神戸からスターライト学園へやってきた栗栖ここねは「世界の中心はここね!」を自己紹介で何度も繰り返す。しかしなぜか周囲の反応はなく、コール&レスポンスが成立しない。そのやりとりが何度も繰り返して「一体なぜ誰も栗栖ここねのコール&レスポンスに反応しないのだろう」と思わせる事で、「彼女、神戸で人気のロコドルなんですよ」とネタバラシした時に驚きが生まれる仕掛けになっているのだ。
この仕掛けの緻密な計算ぐらいが非常に面白く、また「栗栖ここね」というアイドルの面白さが一話の中で上手くまとまっているため、日常話からはこの一話を見ていただきたいところだ。

■151話「ステージの光」

最後の五本目に選ぶのは先日放送されたばかりの151話となる「ステージの光」だ。
三年目のクライマックスを飾る一大イベント、大スターライト学園祭。

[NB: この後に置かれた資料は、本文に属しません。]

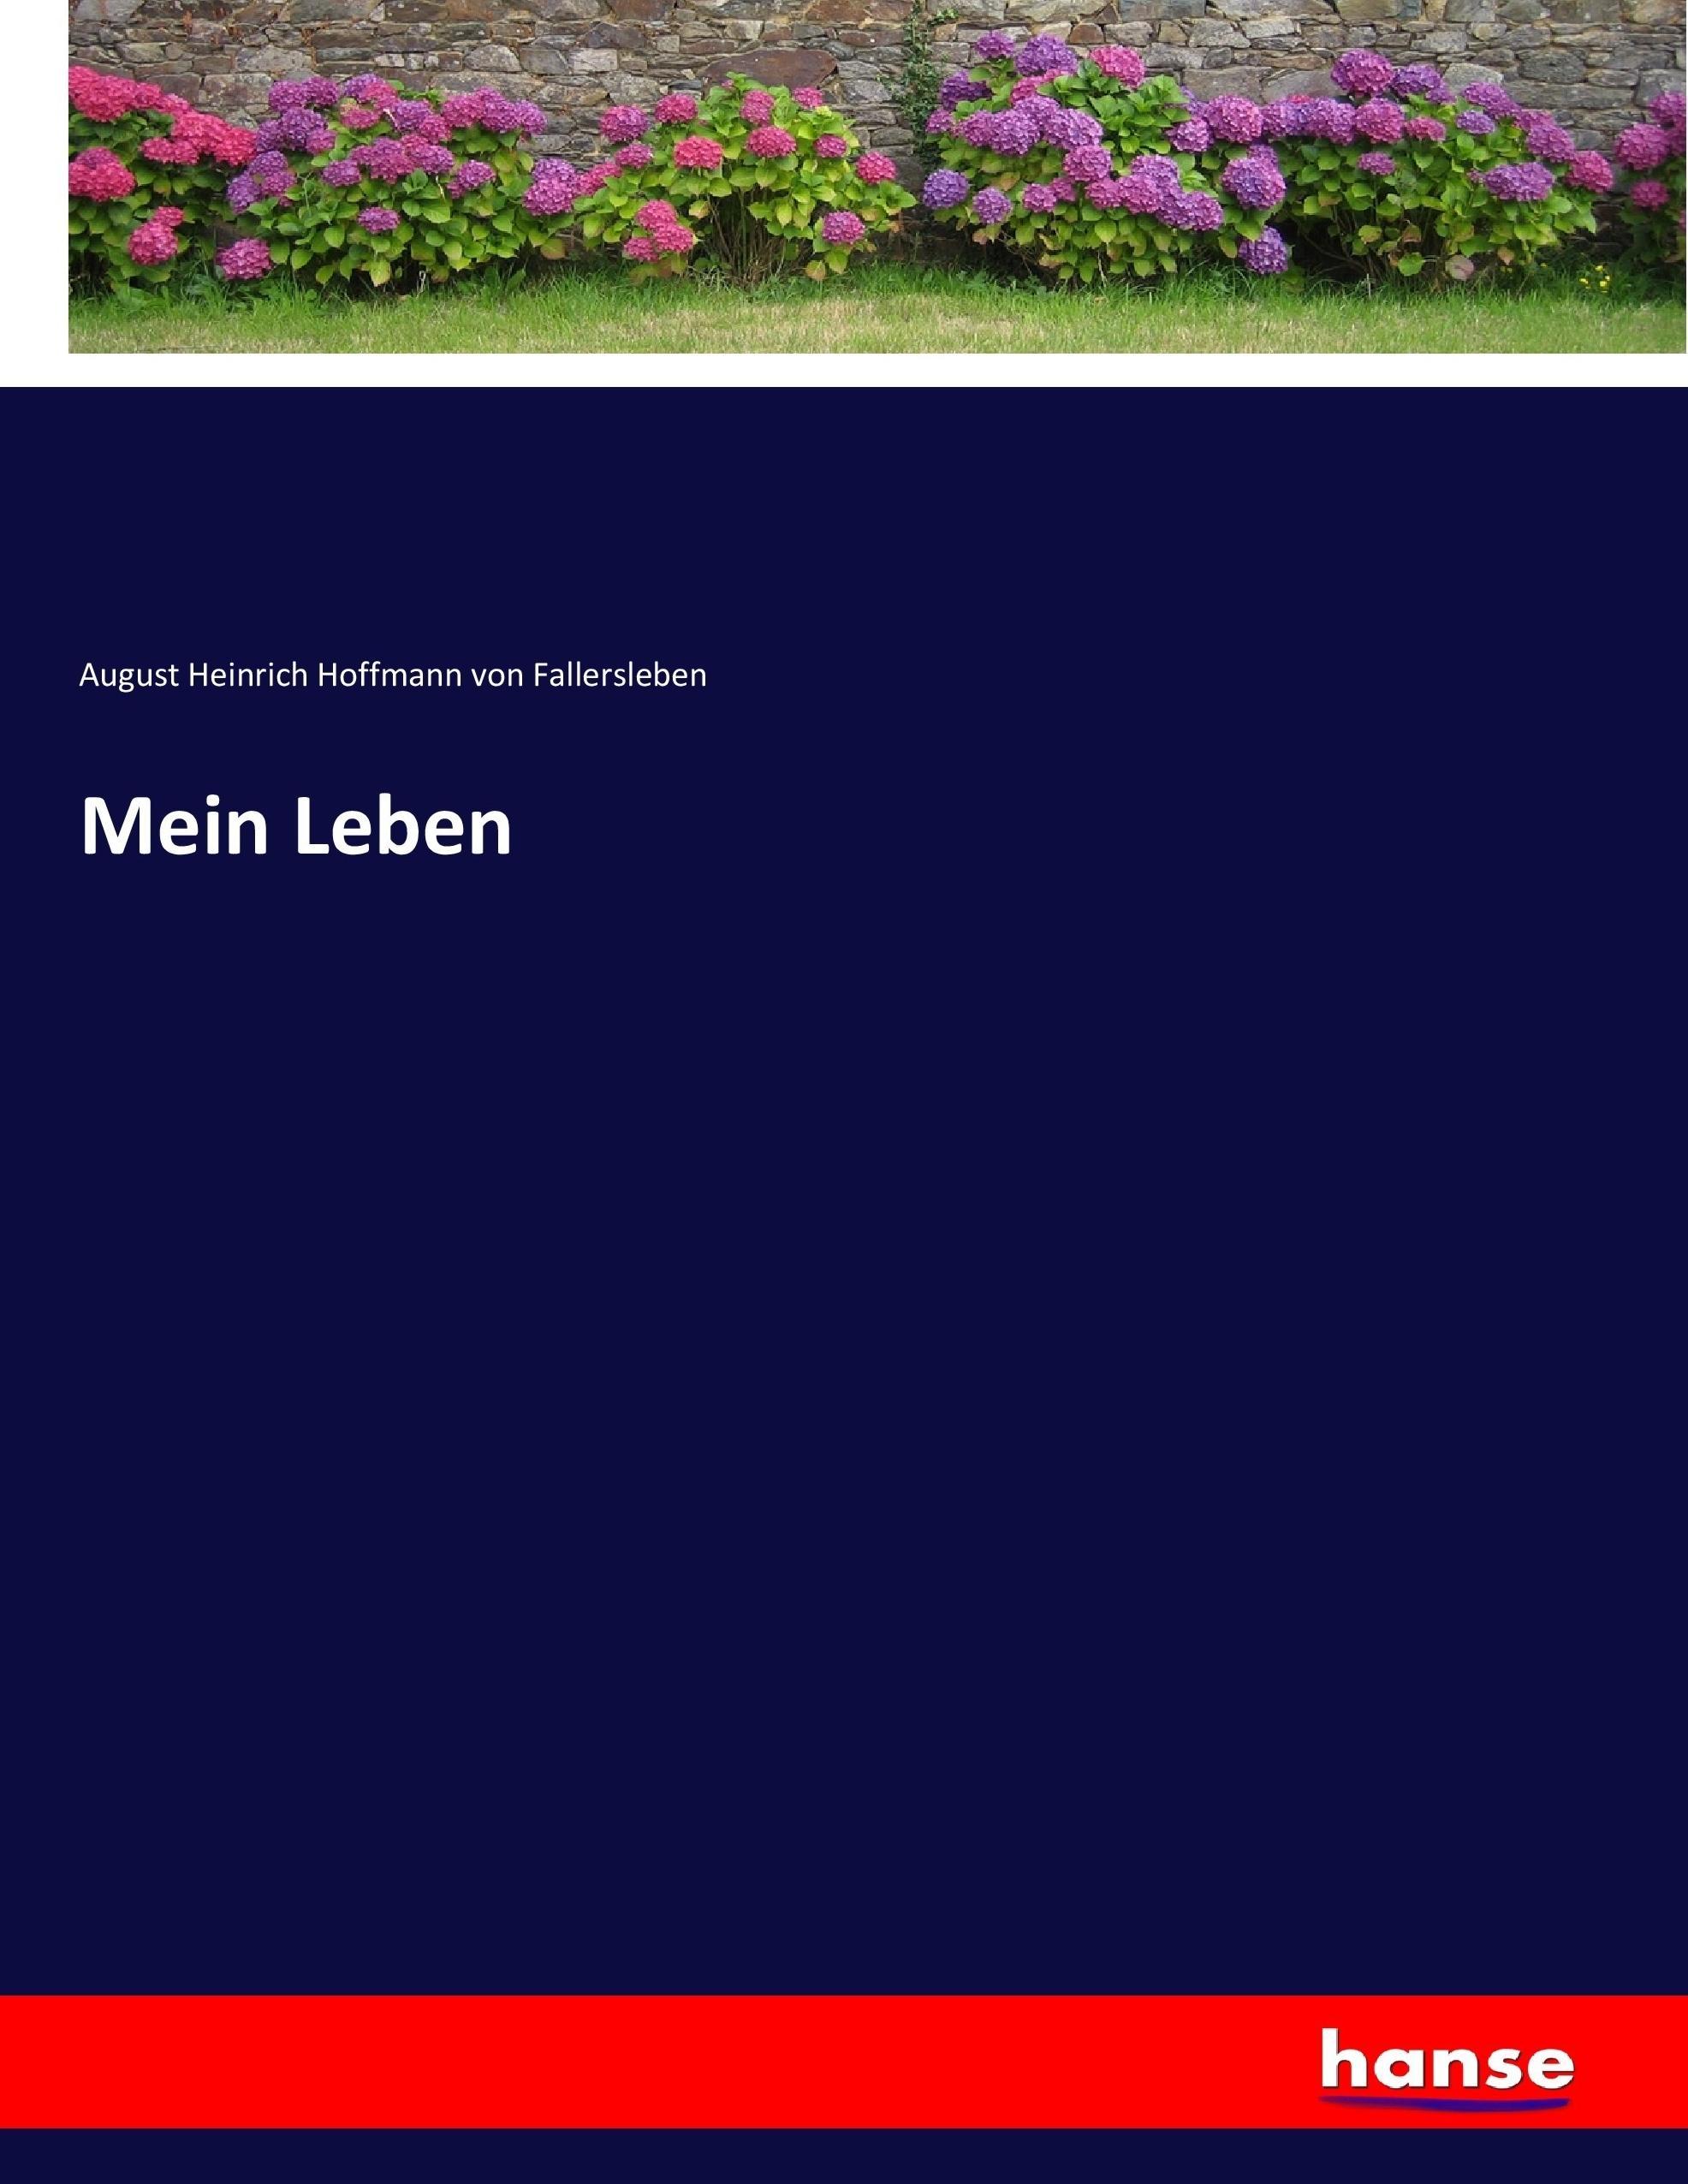 Mein Leben - Hoffmann von Fallersleben, August Heinrich

ぽわぽわプリリンにトライスター、バニラチリペッパーなど様々なユニットがパフォーマンスを繰り広げたこのイベントの最終日、その日に行われたソレイユとルミナスのステージの様子を描いたこの話は全編見どころしか無いのだが、あえて見どころを上げるとすれば、やはり「自分の心の中にあるオリジナルスターを信じて歩み続けたルミナスが、ソレイユと同じステージに立つ」ということだろう。
心が折れそうになった時にもらった星宮いちごの言葉を信じて前へと歩み続けてきた大空あかり。そんな彼女が仲間達を励まして引っ張り、時に支えられながらついにソレイユと同じステージに立つ。その瞬間のカタルシスと言ったら!
とにかく見て欲しい。大空あかりというアイドルの「第一部最終章」として会心の出来である。



10月よりスタートする四年目ではあかり達ルミナスはスターライト学園から全国へと飛び出していく。
これまで様々な「出会い」によって自分達を変えてきたあかり達である。全国で出会うアイドルやファン達から様々なものを得て、これまで以上に変わっていくのだろう。そんな出会いによる変化が、きっと大空あかり達をスターライトクイーンを決める戦いを勝ち抜けるだけの力を生み出すに違いない。
彼女達がどこまで上り詰めるのか。楽しみにしたいところだ。